*** DATA BLOCK ***

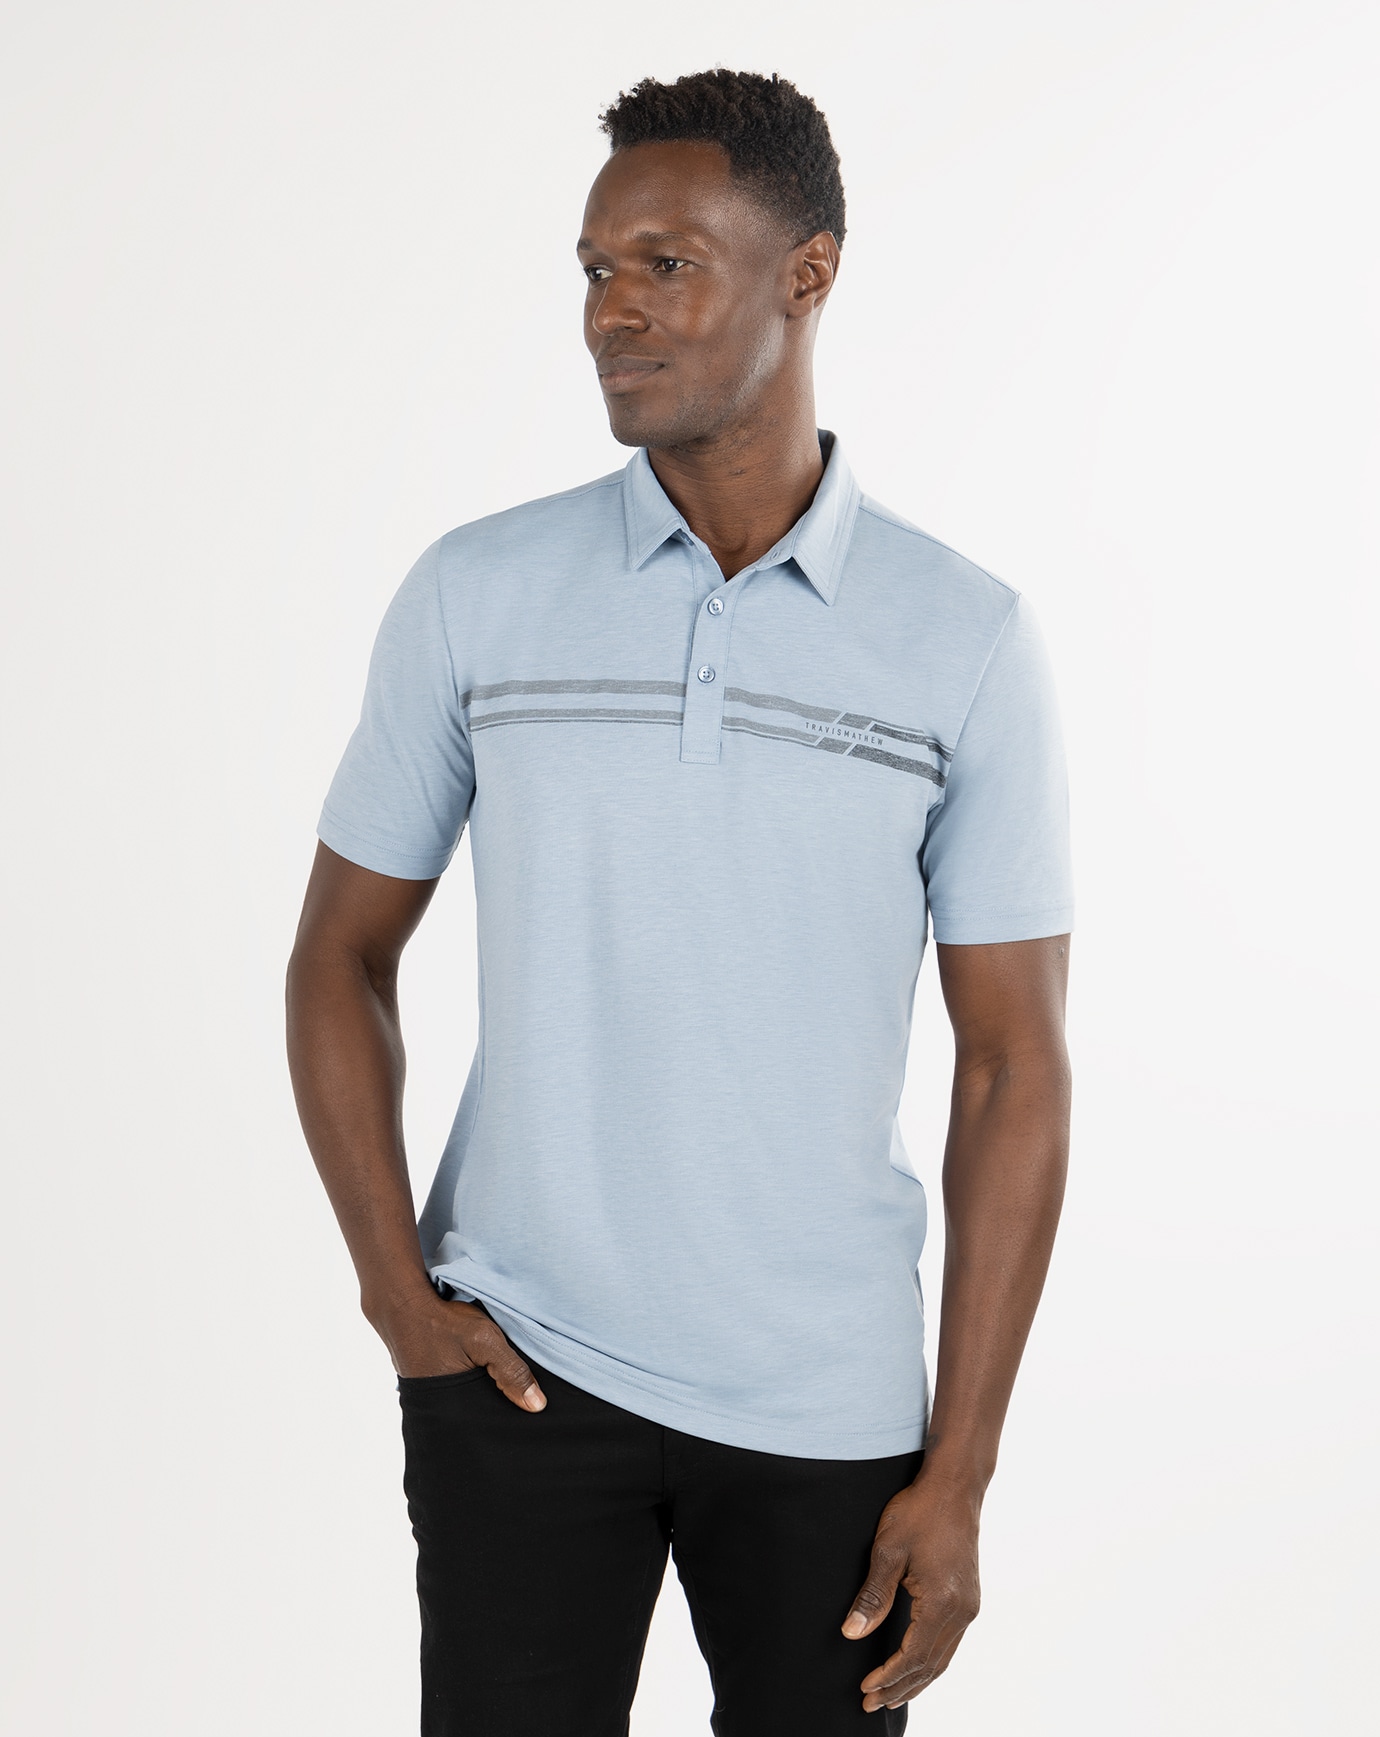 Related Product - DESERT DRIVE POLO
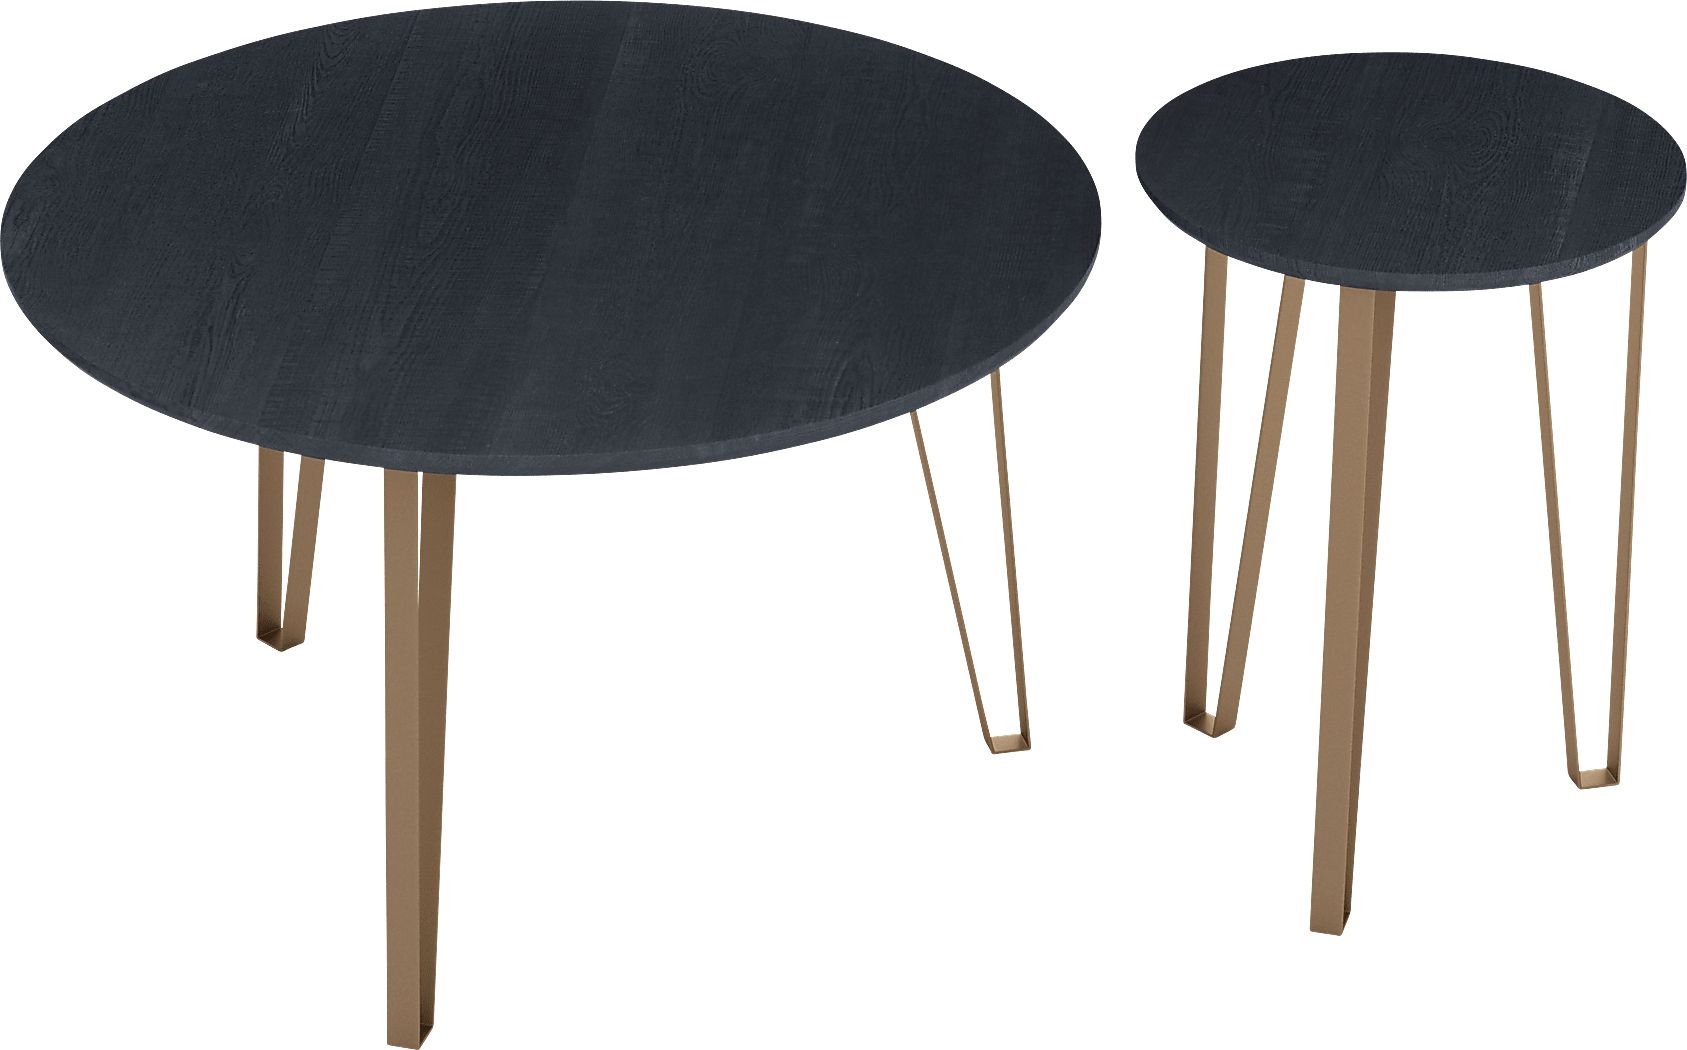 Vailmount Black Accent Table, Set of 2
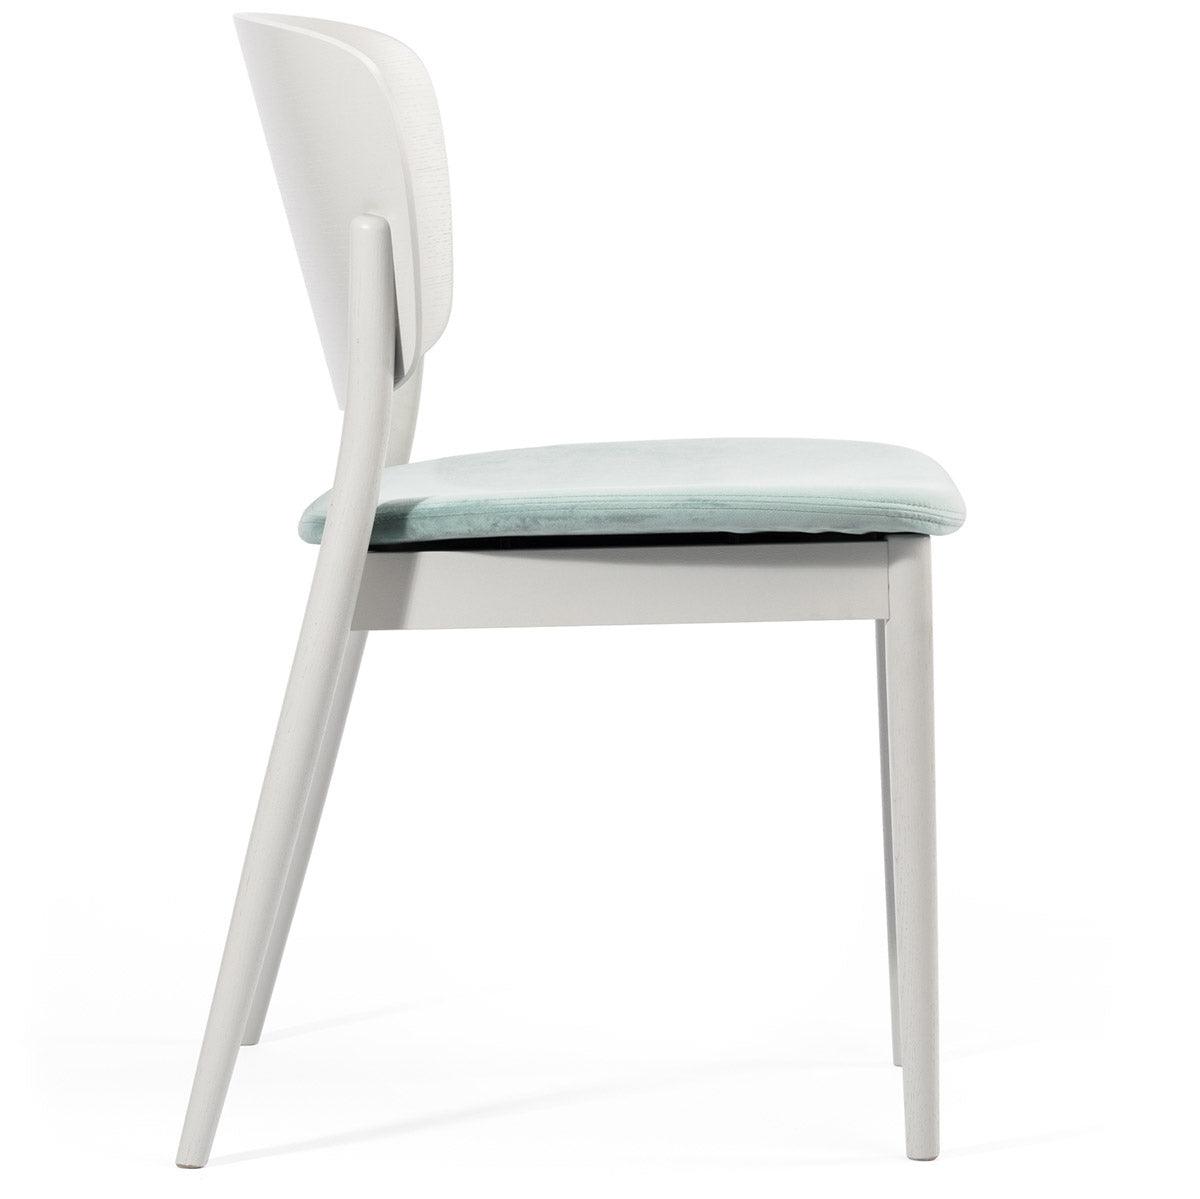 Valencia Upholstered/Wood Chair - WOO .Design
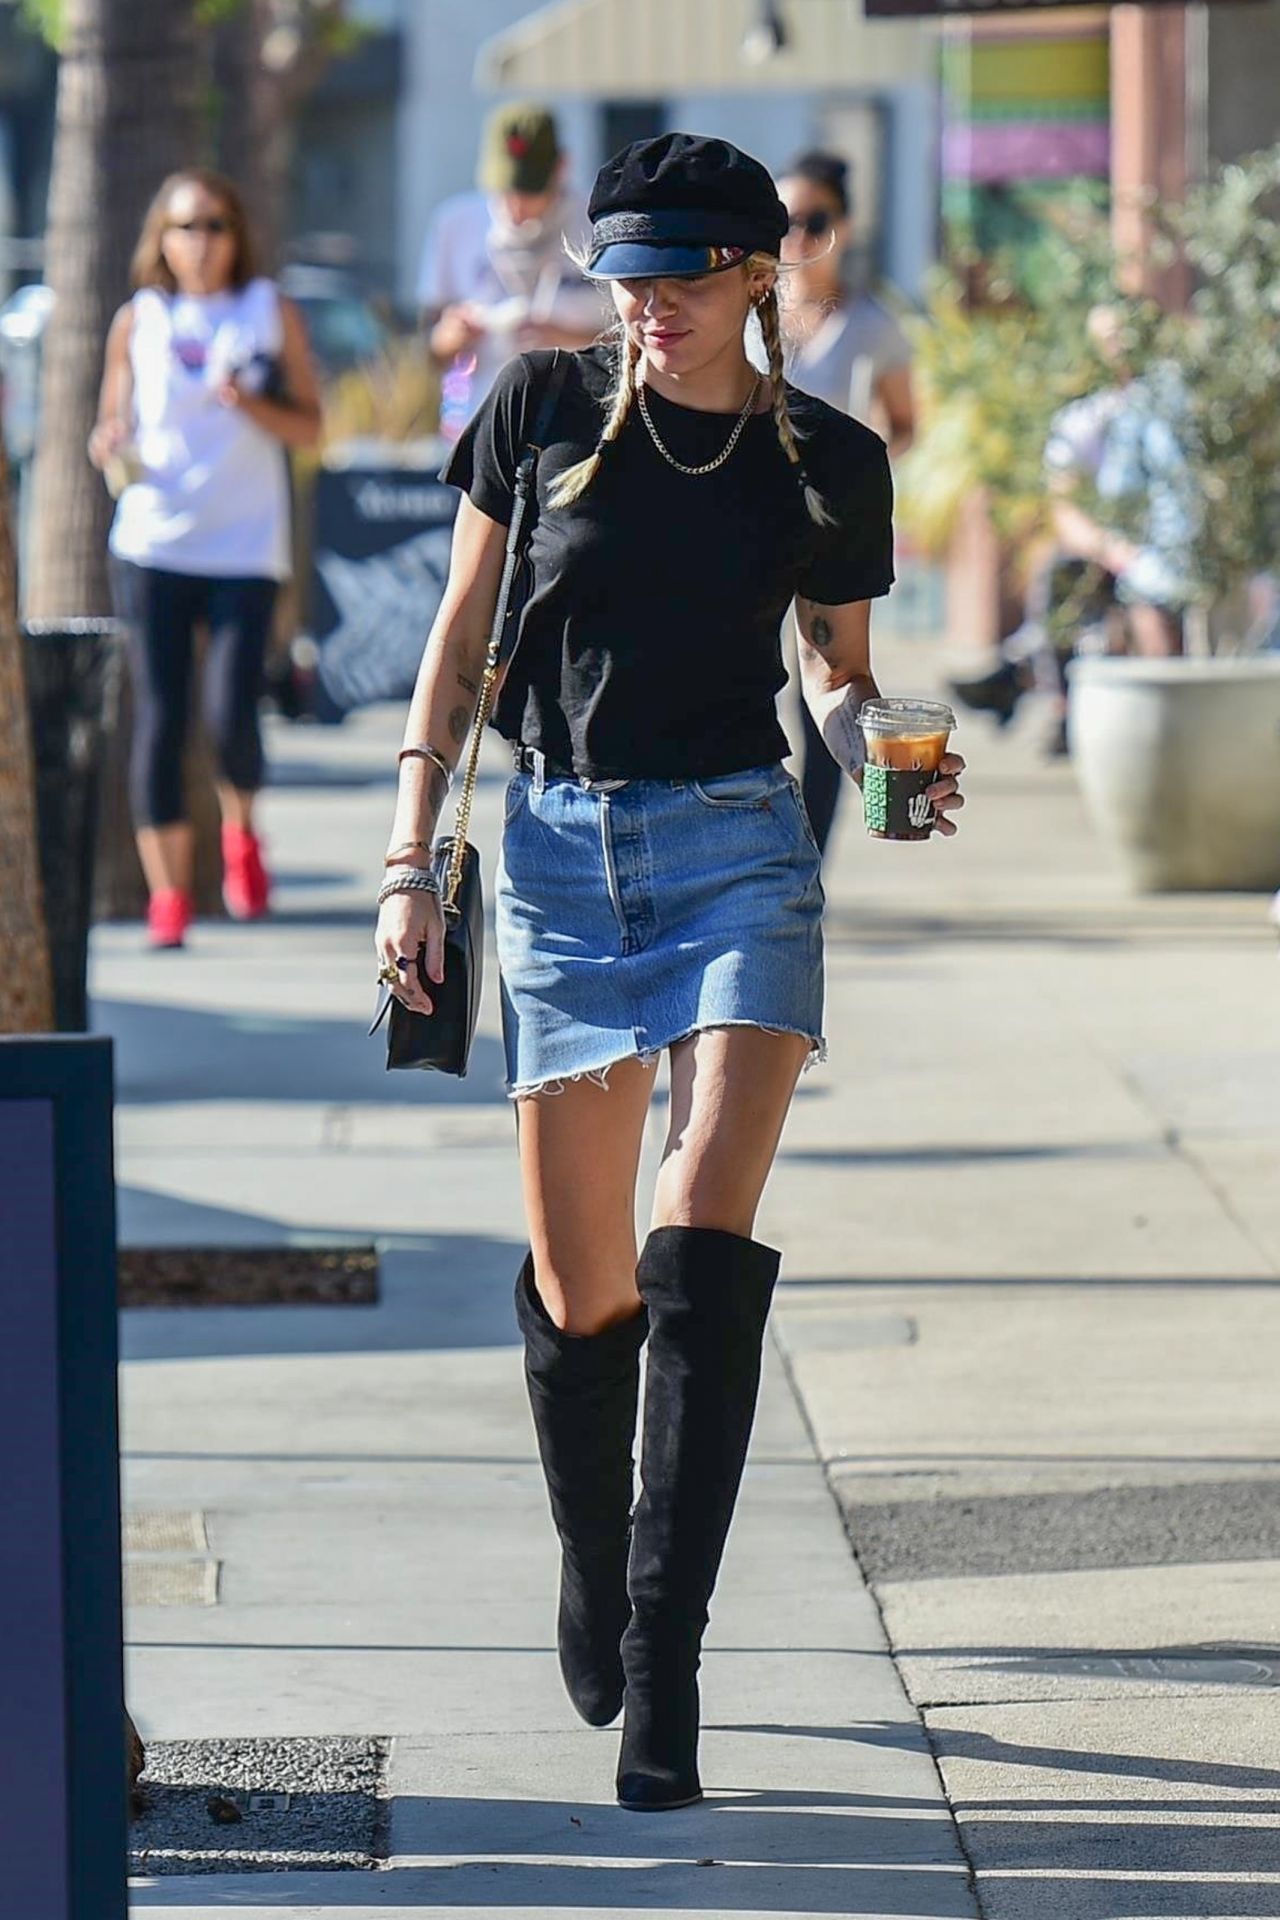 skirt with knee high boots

*** End of DATA BLOCK ***

* [WHAT THIS TASK INVOLVES] Pictures do not belong in the copy. Repeat exactly each line from the one with "Vailmount Black Accent Table, Set of 2" through the end of the listing.

* [EXERCISE OUTPUT]
 Vailmount Black Accent Table, Set of 2
 Valencia Upholstered/Wood Chair - WOO .Design
 skirt with knee high boots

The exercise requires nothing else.